From: WANG Chao <chao.wang@ucloud.cn>

[ Upstream commit 1811d979c71621aafc7b879477202d286f7e863b ]

guest xcr0 could leak into host when MCE happens in guest mode. Because
do_machine_check() could schedule out at a few places.

For example:

kvm_load_guest_xcr0
...
kvm_x86_ops->run(vcpu) {
  vmx_vcpu_run
    vmx_complete_atomic_exit
      kvm_machine_check
        do_machine_check
          do_memory_failure
            memory_failure
              lock_page

In this case, host_xcr0 is 0x2ff, guest vcpu xcr0 is 0xff. After schedule
out, host cpu has guest xcr0 loaded (0xff).

In __switch_to {
     switch_fpu_finish
       copy_kernel_to_fpregs
         XRSTORS

If any bit i in XSTATE_BV[i] == 1 and xcr0[i] == 0, XRSTORS will
generate #GP (In this case, bit 9). Then ex_handler_fprestore kicks in
and tries to reinitialize fpu by restoring init fpu state. Same story as
last #GP, except we get DOUBLE FAULT this time.

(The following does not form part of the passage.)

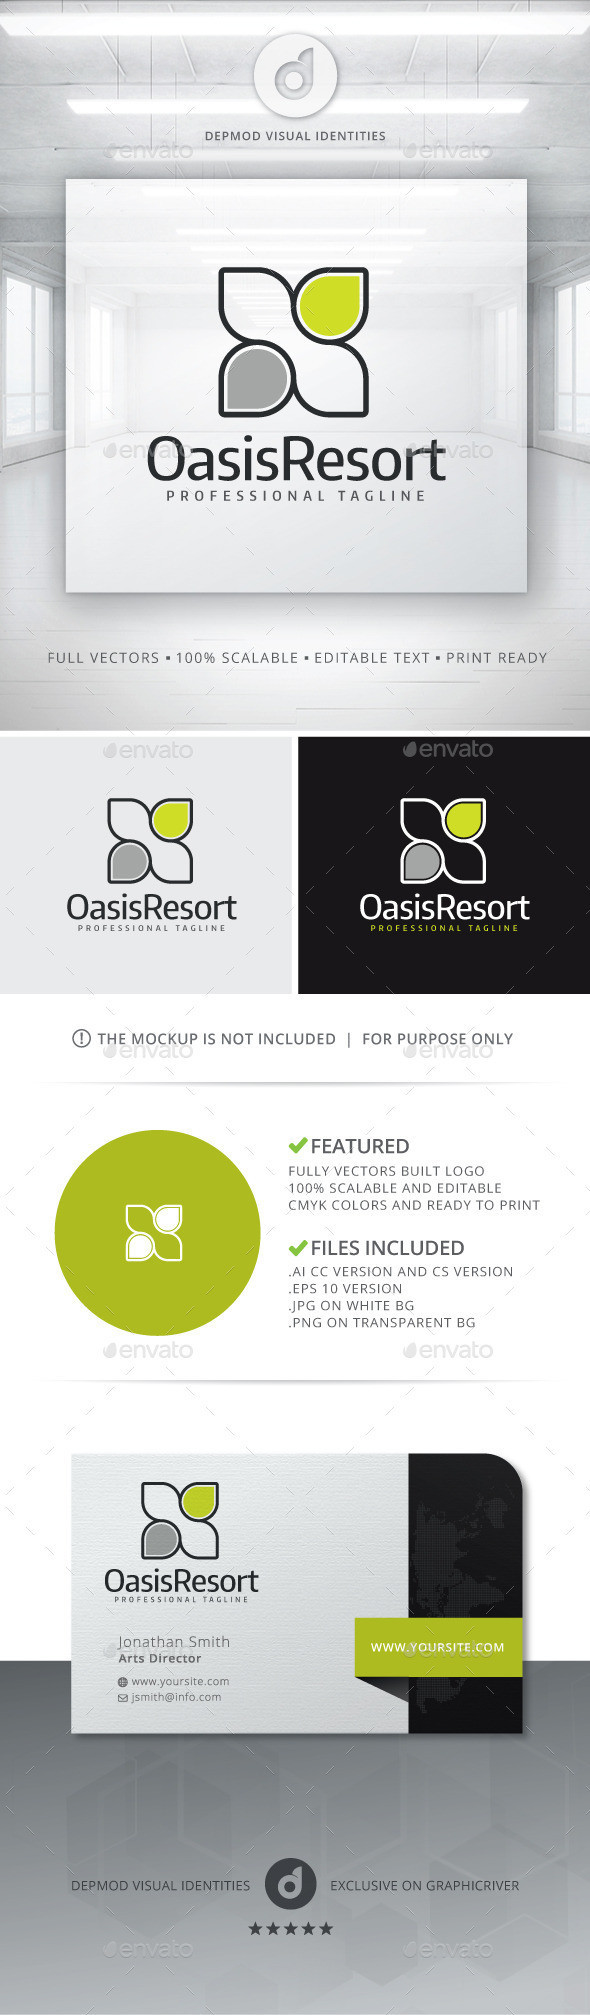 Oasis resort logo

Cc: stable@vger.kernel.org
Signed-off-by: WANG Chao <chao.wang@ucloud.cn>
Signed-off-by: Paolo Bonzini <pbonzini@redhat.com>
Signed-off-by: Sasha Levin <sashal@kernel.org>
---
 arch/x86/kvm/svm.c |  2 ++
 arch/x86/kvm/vmx.c |  4 ++++
 arch/x86/kvm/x86.c | 10 ++++------
 arch/x86/kvm/x86.h |  2 ++
 4 files changed, 12 insertions(+), 6 deletions(-)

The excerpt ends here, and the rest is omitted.